# hypo/albino plibs?



## Jk888 (Nov 22, 2010)

hi all just wondering if anyone has some images of hypo or albino Nephrurus pilbarensis or any others of levis or occie as im unaware of how many or even if there are any albino's 

only ones i can find are from over seas 







all and any are welcome to post


----------



## kupper (Nov 22, 2010)

jk888 said:


> hi all just wondering if anyone has some images of hypo or albino Nephrurus pilbarensis or any others of levis or occie as im unaware of how many or even if there are any albino's
> 
> only ones i can find are from over seas
> 
> ...




there are plenty of hypo animals around some of which are in my racks as we speak 

the albinos are also here but chilli on this site is the only one from memory that has them


----------



## Jk888 (Nov 22, 2010)

ah fair enough iv'e seen a fair few hypos quite nice but id really like to see some Australian bred albinos cheer Kupper


----------



## kupper (Nov 22, 2010)

PM sent mate


----------



## dottyback (Nov 22, 2010)

my god that albino gecko is amazing!

how much ??


----------



## Jk888 (Nov 22, 2010)

its an american based albino nephrus levis plib the guy didnt want to sell it but id would assume it wouldnt be below 10k


----------



## hornet (Nov 22, 2010)

wow, kupper, any pics of you hypo's?


----------



## MR_IAN_DAVO (Nov 22, 2010)

They are stunning!

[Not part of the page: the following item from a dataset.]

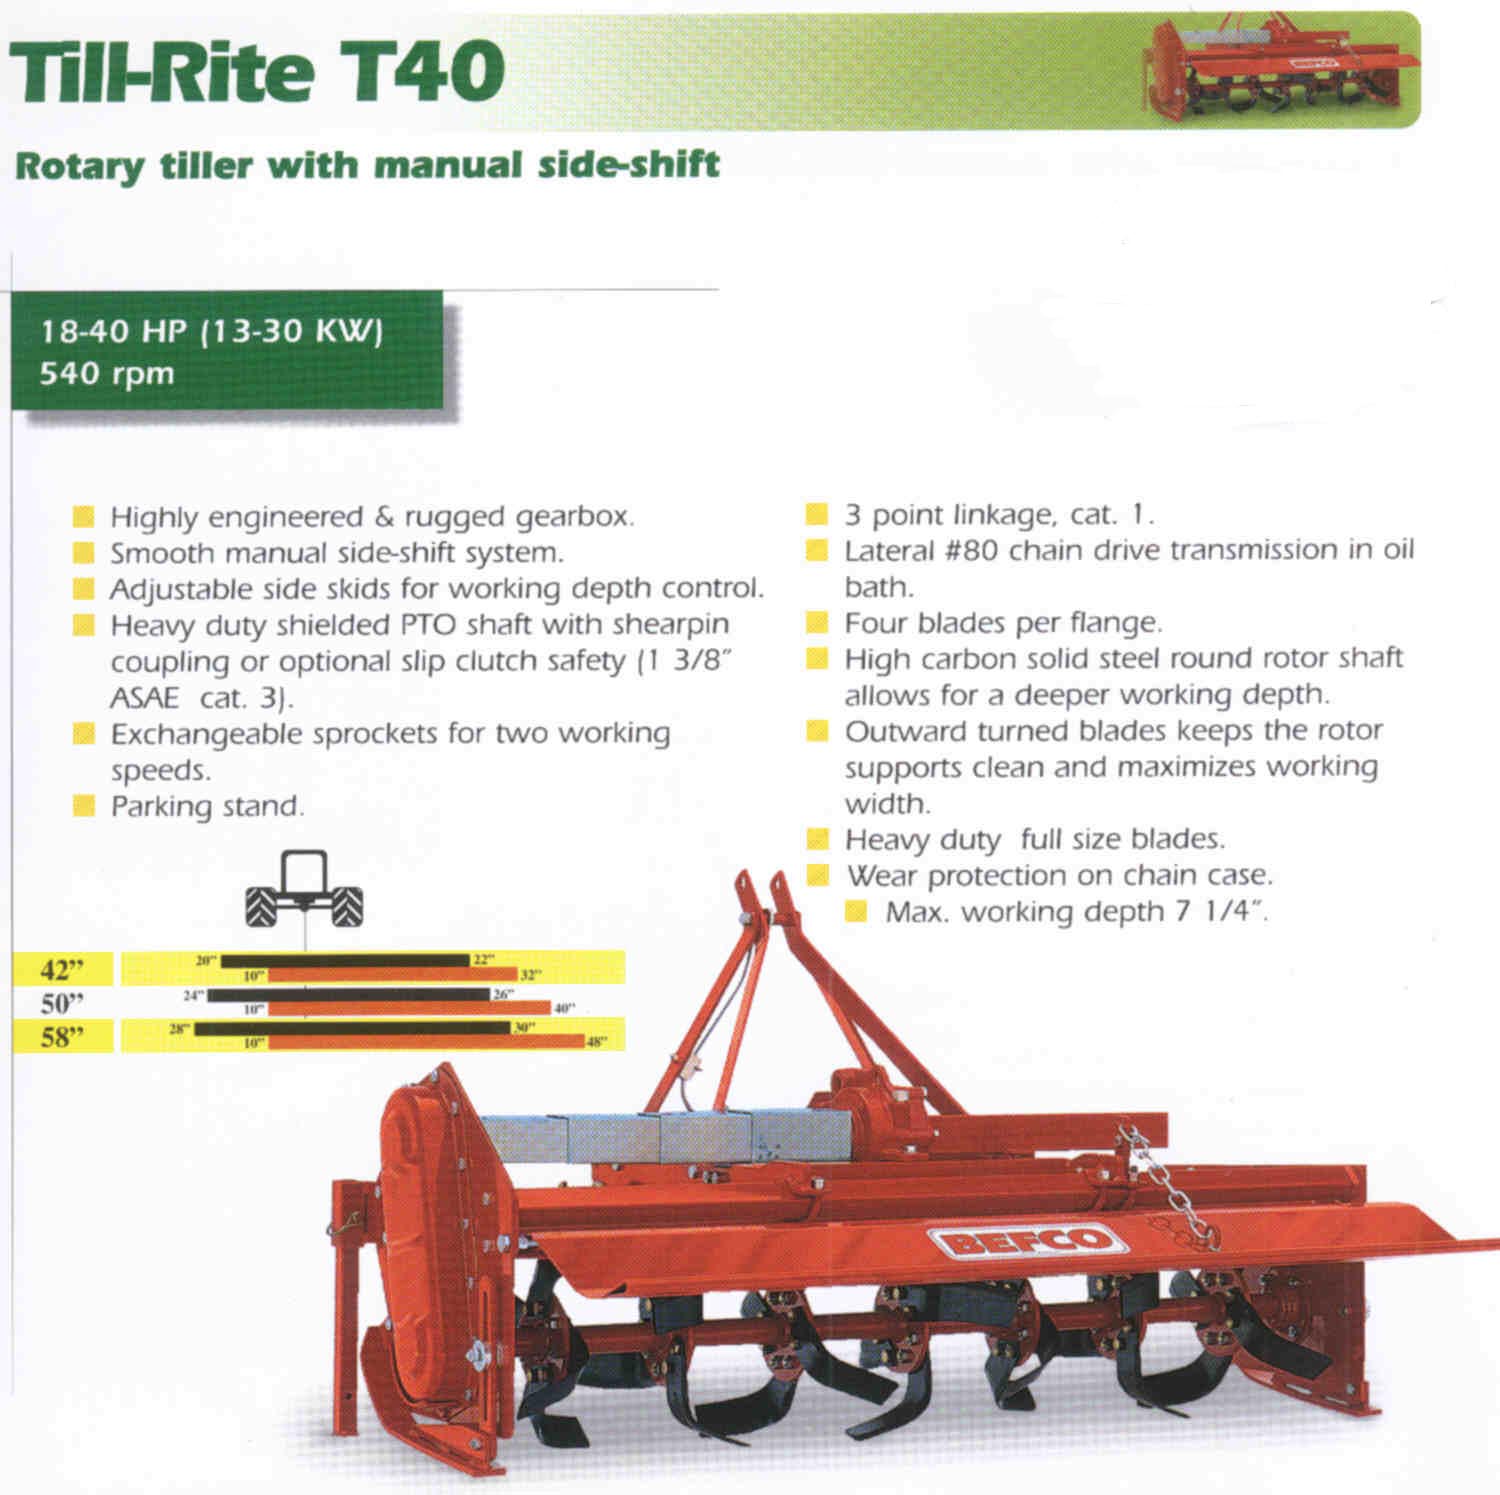 Till-Rite T40 Series Rotary Tillers

So long as you don't breed them in QLD. HA HA, Just a joke from another thread.
Paula would love a couple of them.
Cheers Ian.


----------



## kupper (Nov 22, 2010)

if anyone has a spare 10K plus handy let me know :lol: 

hornet if you check out some of the gecko threads I have already thrown some photos up but I will see If I have some handy


----------



## Jk888 (Nov 22, 2010)

ill go halfs with ya kupper =D


----------



## kupper (Nov 22, 2010)

jk888 said:


> ill go halfs with ya kupper =D


 
Number one rule ...... Never go halves with someone !


----------



## Jk888 (Nov 22, 2010)

ahah tru never works out


----------



## Jk888 (Nov 25, 2010)

just thought id update some this thread with some new images a few people from over seas have sent me Enjoy


----------



## Gecko :) (Nov 25, 2010)

WOW! They are *Beautiful!* - absolutely stunning!!


----------



## Jk888 (Nov 25, 2010)

haha thought ud like them =D


----------



## siouxie (Nov 25, 2010)

kupper said:


> if anyone has a spare 10K plus handy let me know :lol:



i've heard everything from 3K to 10K, but at daytona last august, 3 were sold at 8K ea. i think they could go a lot higher here since no-one has them.


----------



## Jk888 (Nov 25, 2010)

the first image of the albino levis plib is worth 14k so theres a little idea of thier prices


----------



## siouxie (Nov 25, 2010)

jk888 said:


> the first image of the albino levis plib is worth 14k so theres a little idea of thier prices


 
it appears to be a red patternless albino so i don't doubt it would go for that much!


----------



## kupper (Nov 25, 2010)

its very nice isn't it ........drools 

now I just need an albino to make one


----------



## Smithers (Nov 25, 2010)

kupper said:


> its very nice isn't it ........drools
> 
> now I just need an albino to make one


 
Drools +1 more,...mad lookers indeed,..with the amount you have Chris your probably gunna have one sooner or later.


----------



## gemrock2hot (Nov 25, 2010)

oh wow they are so amazing lol i want one..... now i just have to win the lotto.... lol


----------



## gemrock2hot (Nov 25, 2010)

has ne one seen any thickys that are albino?


----------



## Gecko :) (Nov 26, 2010)

I would love to hear from anyone keeping these in Aus!


----------



## Jay84 (Nov 26, 2010)

OMG why why WHY are all our Australian reptiles so AMAZING overseas?!?!?!


----------



## ezekiel86 (Nov 26, 2010)

wow some amazing lil fellas


----------



## Jk888 (Nov 26, 2010)

siouxie said:


> it appears to be a red patternless albino so i don't doubt it would go for that much!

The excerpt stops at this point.